Ken, I am glad you pitched in your experience.  I was looking at the double row bearings too, but the part numbers and drawings were not showing them.  I still don't know what bearing tension is supposed to be, is there a backlash or should I have some preload and running torque.  I know that some tapered bearings run a preload, we have them on ballscrews on some mills at work, others have compensation built in the software for the backlash.  Our old lathes get hot, does the spindles expand enough to need to be in tension?  The manual says drag and then backoff the jam nut 10*.  Maybe I am reading into this too much, but if I have to drop $1080 in bearings, I need to have it right the first time.  Tim


----------



## 4GSR (Nov 29, 2015)

Tim,
In all of the readings out of the Timken bearing books I have, for that bearing arrangement, they say nothing about how much preload to put on a bearing.

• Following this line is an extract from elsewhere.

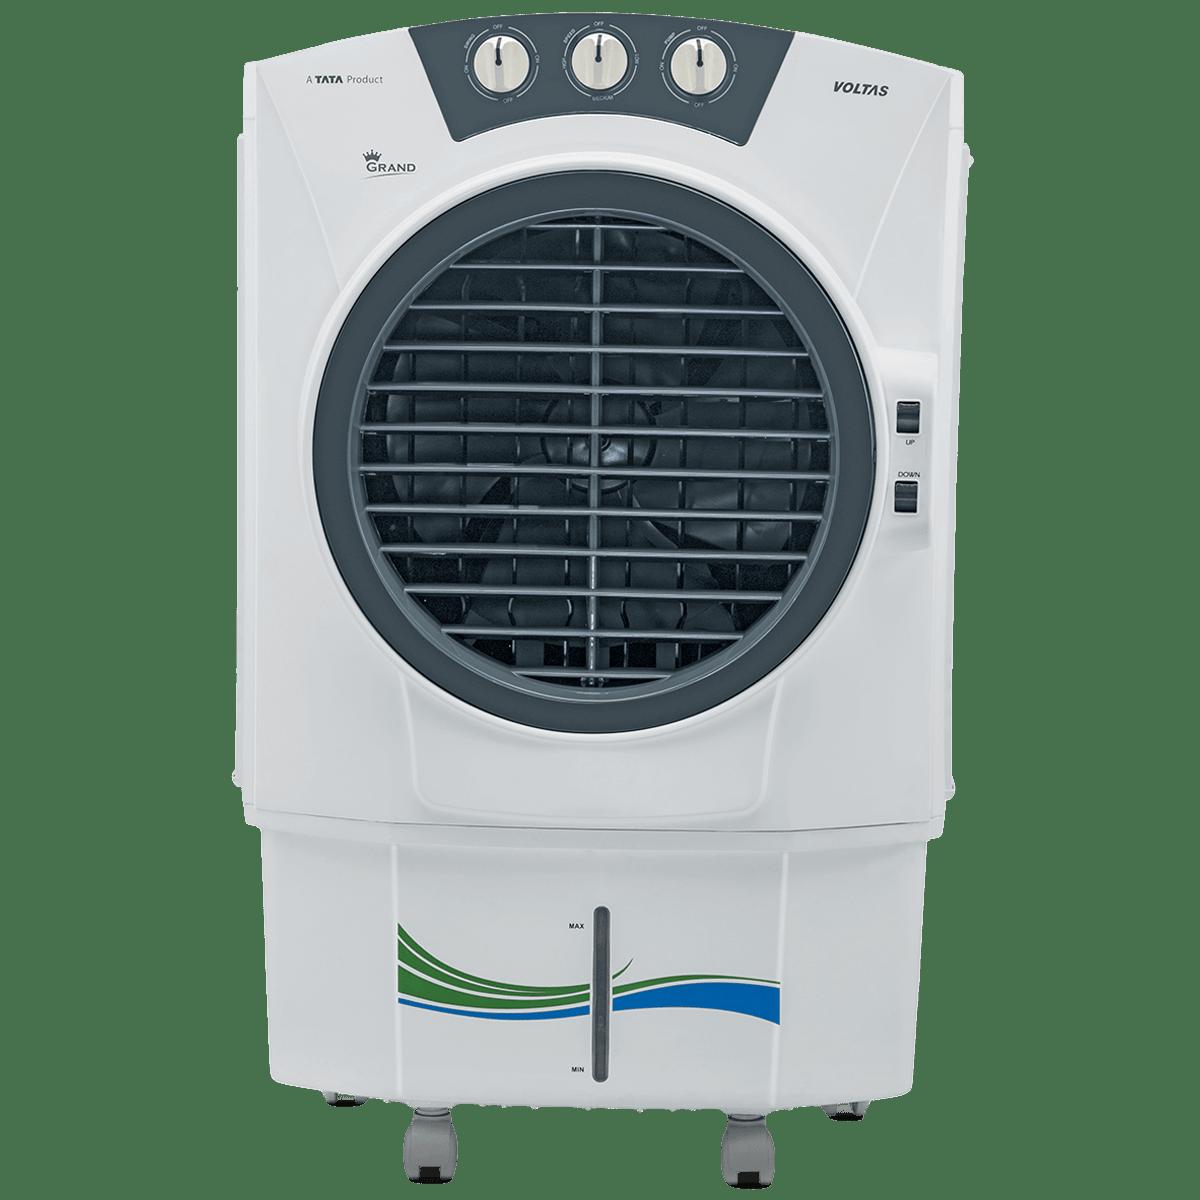 Voltas Grand 52 Litres Desert Air Cooler (Turbo Air Throw, White)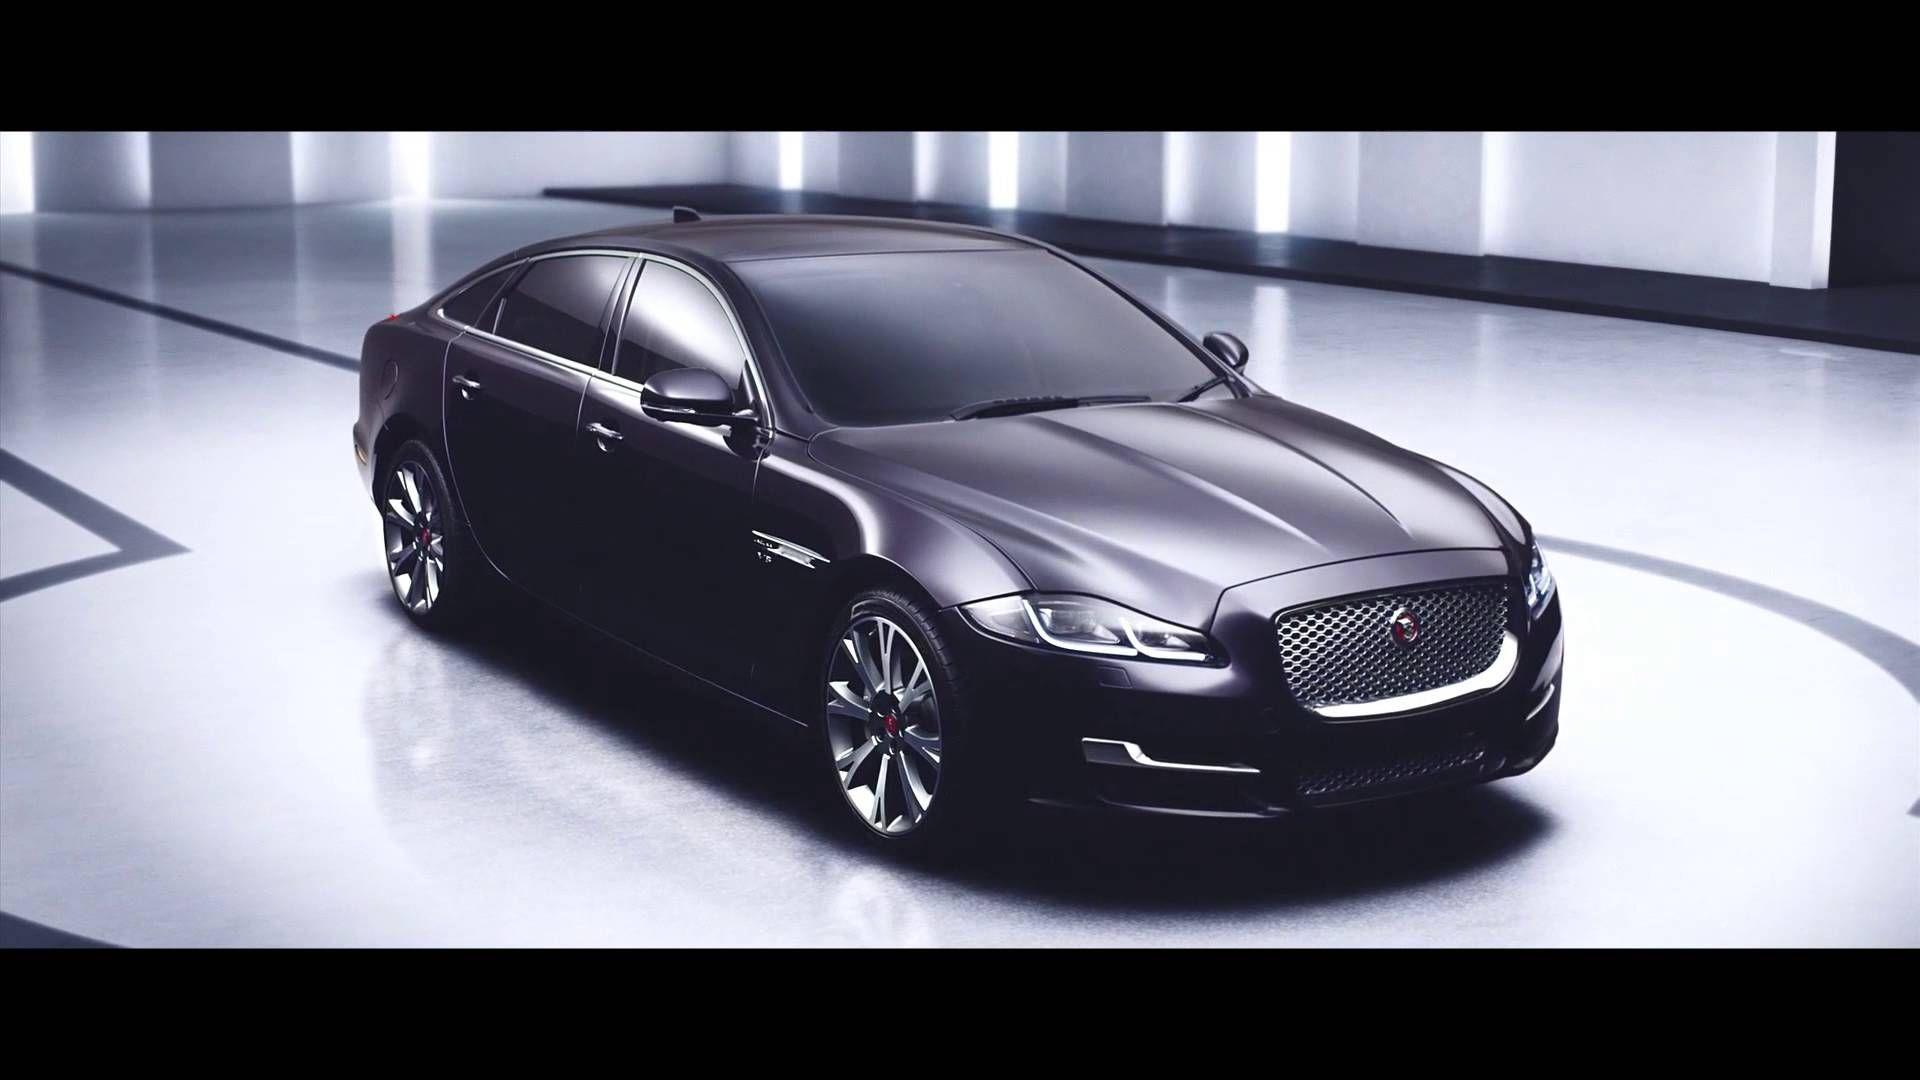 The New Jaguar Xj Is The Biggest And Prestigious Saloon By Jaguar

They talk about fitting practice, bearing bores and shaft OD's.  I was always taught to tighten the bearing to about the torque of 9 ft/lbs as you mentioned for this size bearing.  Run the spindle until it get hot, if it does at all, let it cool down.  Go in and back off the bearing nut, then snug hand tight and secure.  Run again, if temperature is ok, should be good.  Temperature should be warm to touch by hand, no more than 100 deg F.  That would be at 500-700 RPM.  Even at max RPM, you should still be able put your hand on the headstock and not be hot.   Last, run a tenth's reading indicator, check for excessive runout.  My guess, runout, slop in the bearings, linear movement should be less than .0002" in any direction.  May have to come back later and readjust the bearings, especially if you start getting abnormal cutting from turning, facing off or parting off.


----------